In a statement Wednesday, Fulton County District Attorney Fani Willis said she chose to close the case after reviewing evidence provided by in-person interviews with witnesses, videos and multiple reports from the Capitol police.
"While some of Representative Cannon’s colleagues and the police officers involved may have found her behavior annoying, such sentiment does not justify a presentment to a grand jury of the allegations in the arrest warrants or any other felony charges," said Willis, a Democrat.
Cannon’s attorney Gerald Griggs posted a statement on Twitter Wednesday afternoon thanking Willis for closing the case.
“Facts and evidence showed to the world that @Cannonfor58 committed no crime and should not have ever been arrested. We thank the district attorney for her thorough review of the evidence and are weighing our next legal actions,” he said.

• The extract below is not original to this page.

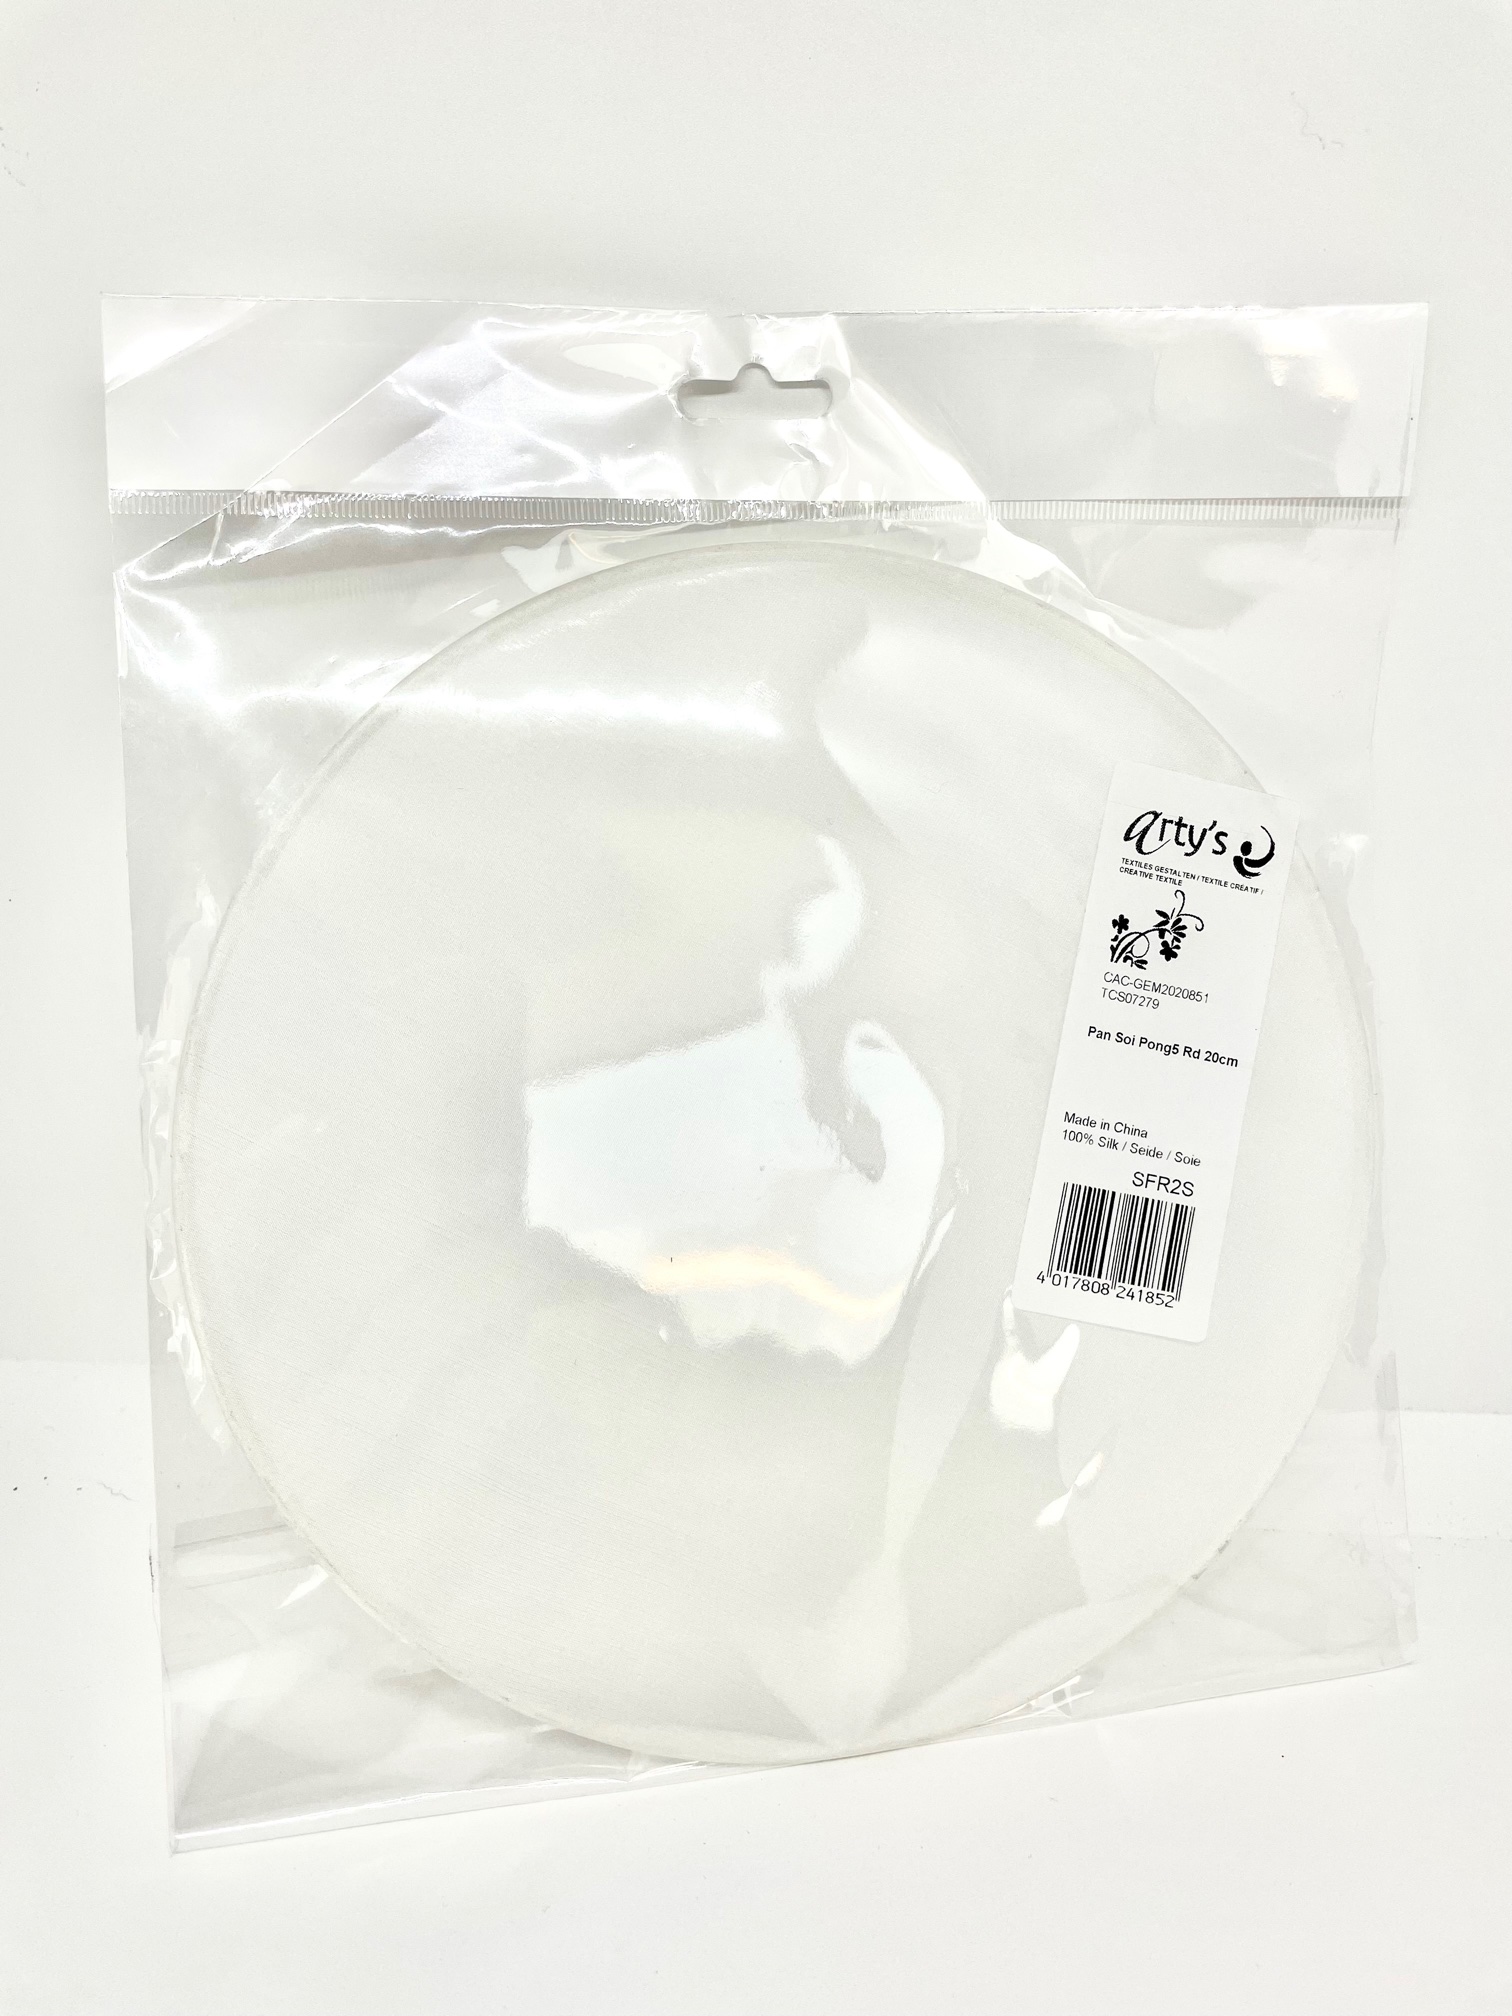 Delantal blanco algodon con bolsillo central. Talla M-XL 65x84cm 210g-m² -  ArtBendix

At a press conference last week, Cannon described the experience as “painful both physically and emotionally.” Video of the arrest posted online showed the lawmaker being dragged away from the office doors by police officers.
She said the charges shouldn’t take attention away from the new law, which she called “the most comprehensive voter suppression bill in the country.”
Although Georgia has a law on the books prohibiting the arrest of legislators during sessions of the General Assembly except for charges of treason, felonies, or breach of the peace, Cannon is the second sitting lawmaker to be arrested during a legislative session in the last five years.
Then-state Senator Nikema Williams, an Atlanta Democrat who now serves as the congresswoman for the district that deceased voting rights champion John Lewis represented for years, was arrested during a 2018 protest in the Capitol rotunda.
Williams and other activists had gathered to urge election officials to tally all provisional and absentee ballots before certifying Brian Kemp as the winner of the gubernatorial race against Democrat Stacey Abrams. The charges were later dropped in that case as well.